The Ahmed Kathrada Foundation comes in front with a call to revive Gandhi’s Tolstoy Farm in South Africa as a legacy project.

The Tolstoy Farm had set up by Mahatma Gandhi as a prosperous commune during his tenure in Johannesburg at the turn of the last century.

During the 27-year-old annual Gandhi Walk event in Indian suburb south of Lenasia, the organizers announced to renew the Tolstoy Farm.

After the destruction of original Gandhi Hall as selling in the 1970’s white minority government, the annual Gandhi Walk event was began as a fundraiser for building a new Gandhi Hall in Lenasia. Ten kilometers far away from the Gandhi Hall, Tolstoy Farm had build that has fallen into disuse after the last residents left the area in the 1970’s.

Being participated over 2000 people, this walk hosted on Sunday and appealed with the Indian High Commission to support the calls to revive the Gandhi’s Tolstoy Farm.
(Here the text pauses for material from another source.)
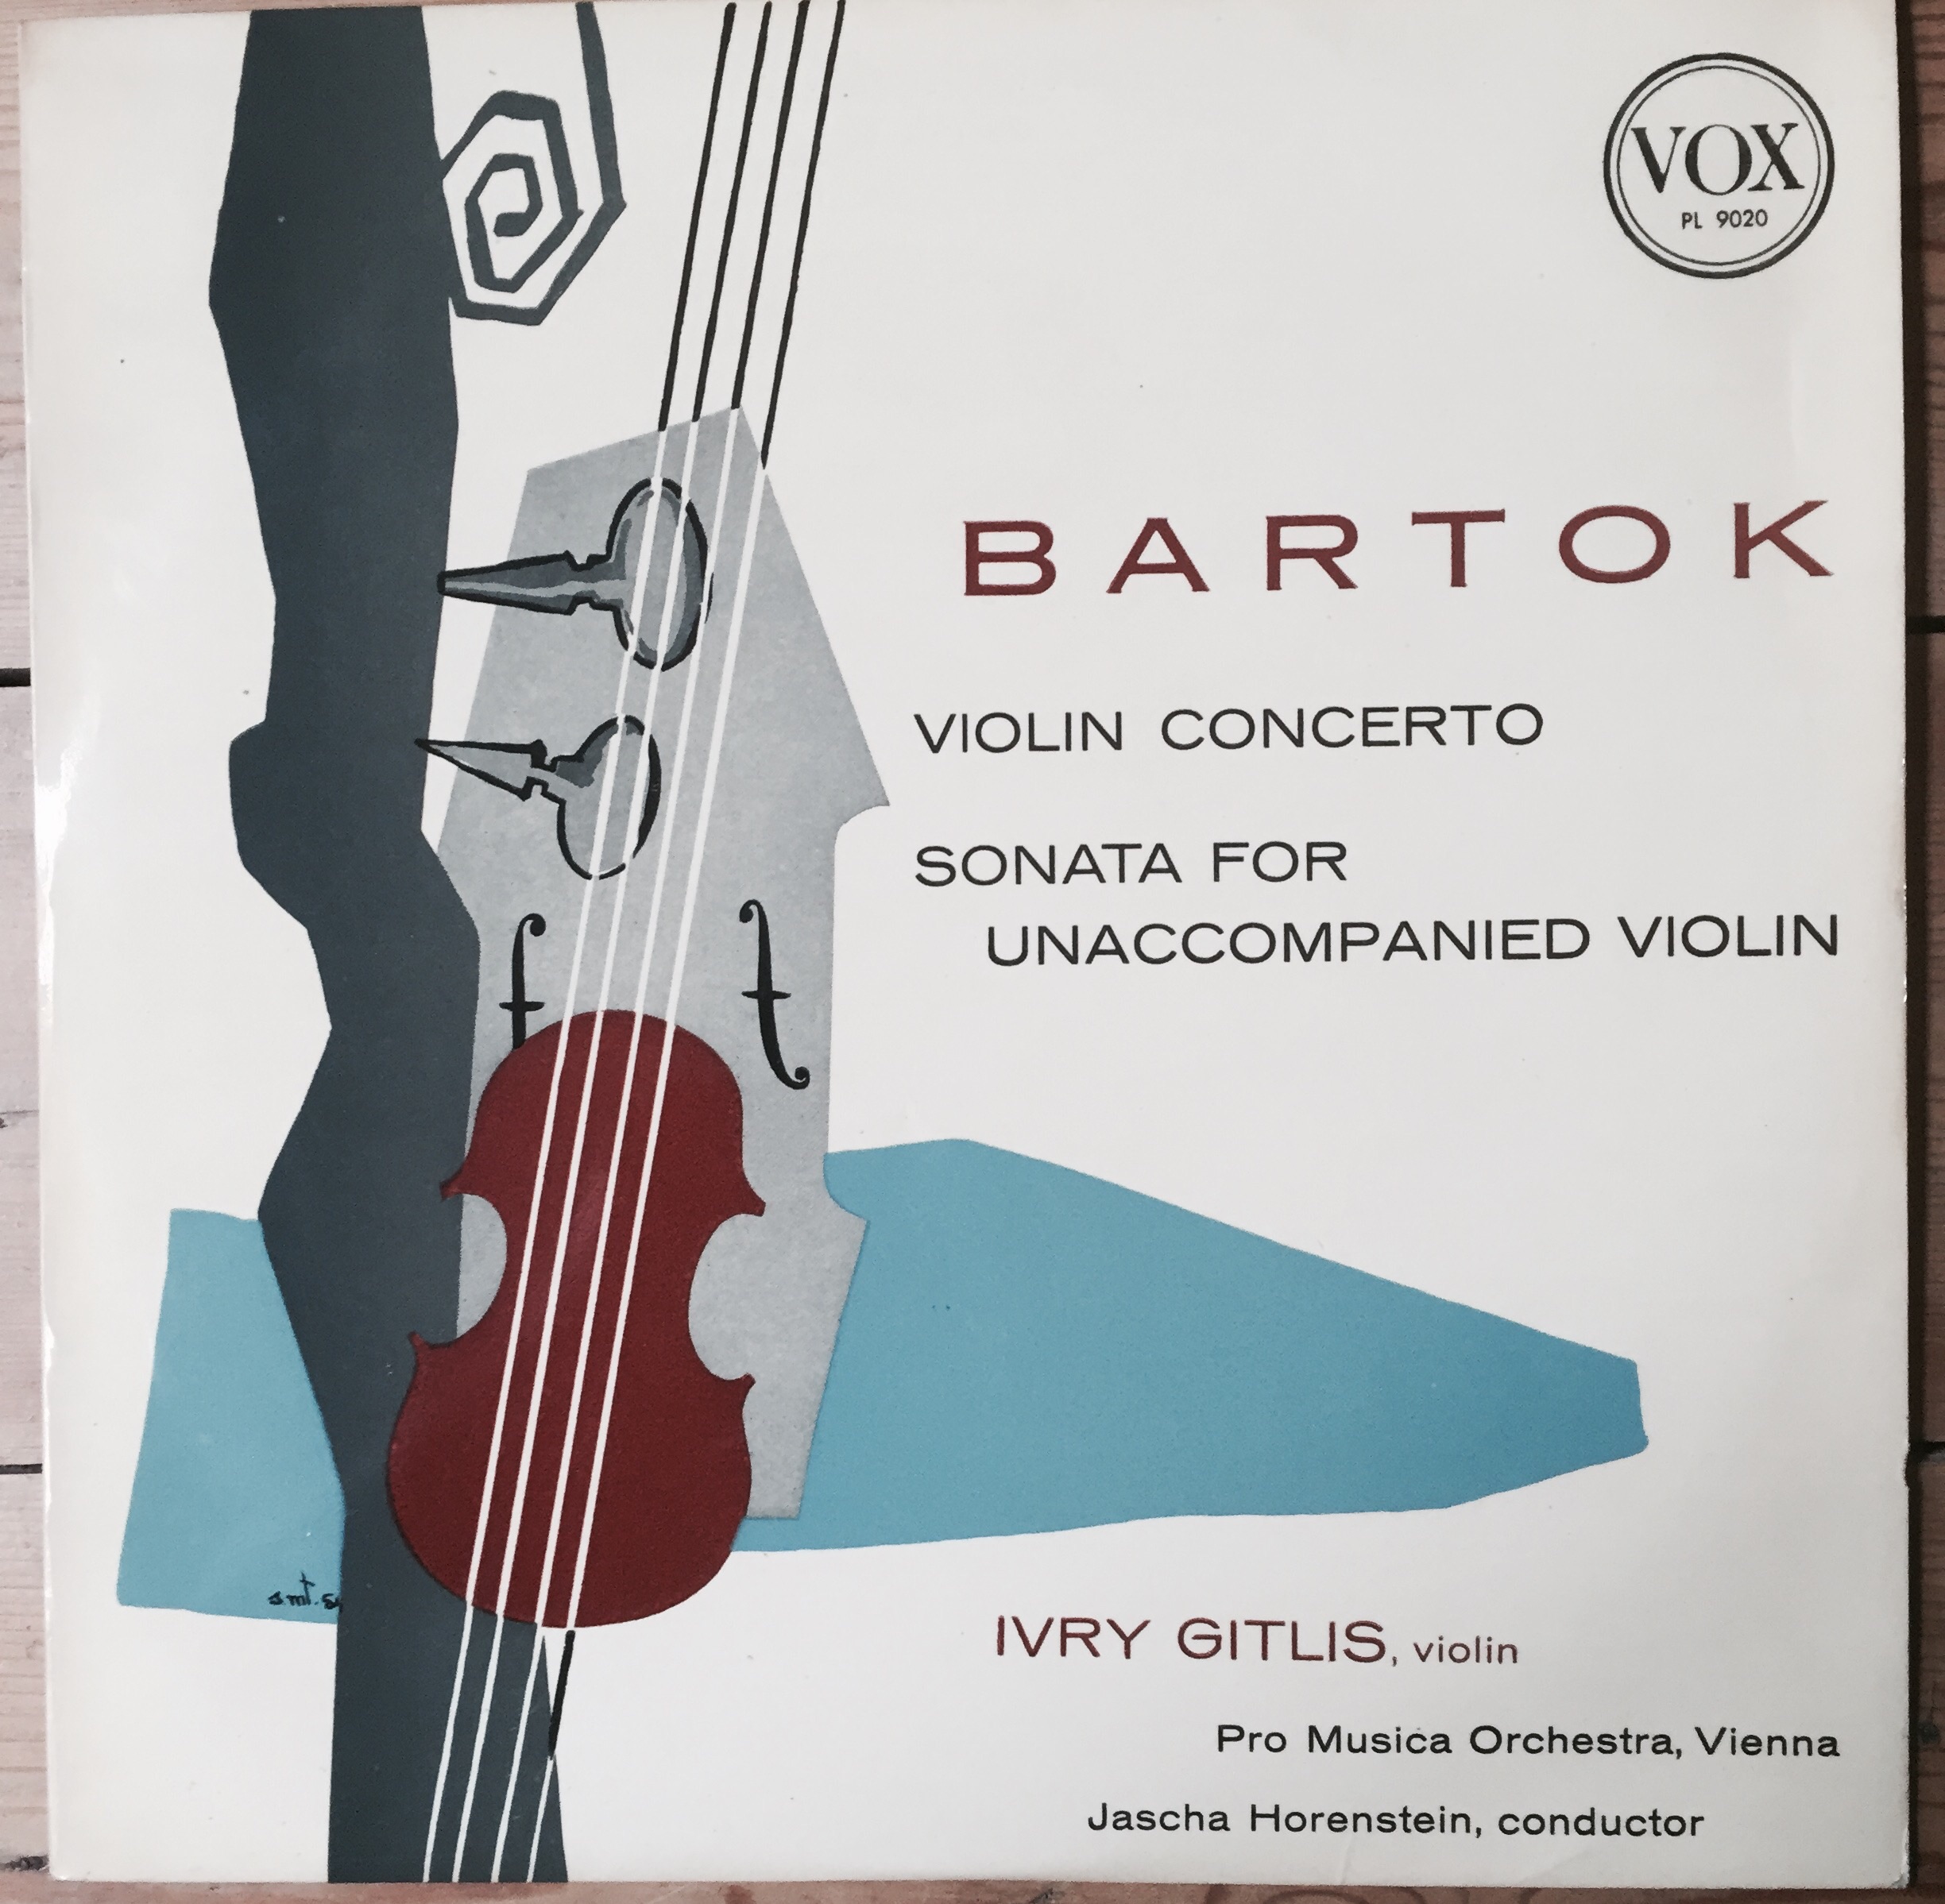 PL 9020 Bartok Violin Concerto / Sonata For Unaccompanied Violin / Ivry Gitlis

“We would like to take some further action on this and hope that something works out. Coal India has already assured us that it will be funding the project, so we should take it forward,” Indian Consel-General in Johannesburg Nandan Bhaisora said during talk with media.
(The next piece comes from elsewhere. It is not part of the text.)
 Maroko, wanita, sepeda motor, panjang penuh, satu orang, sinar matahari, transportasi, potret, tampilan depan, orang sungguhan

Durban-based Ela Gandhi, granddaughter of the Mahatma Gandhi who was one of the participants of Gandhi Walk appreciated the reviving Tolstoy Farm fact and said, “Ideally it would be a nice thing, in terms of drawing people’s attention to it, but looking at the security of the people, the logistics might be difficult.”

It is much difficult for Johannesburg’s people to preserve this site and Tolstoy Farm fell in the “middle of a quarry and it makes it so difficult for people to plan anything” at the time when they are a little island.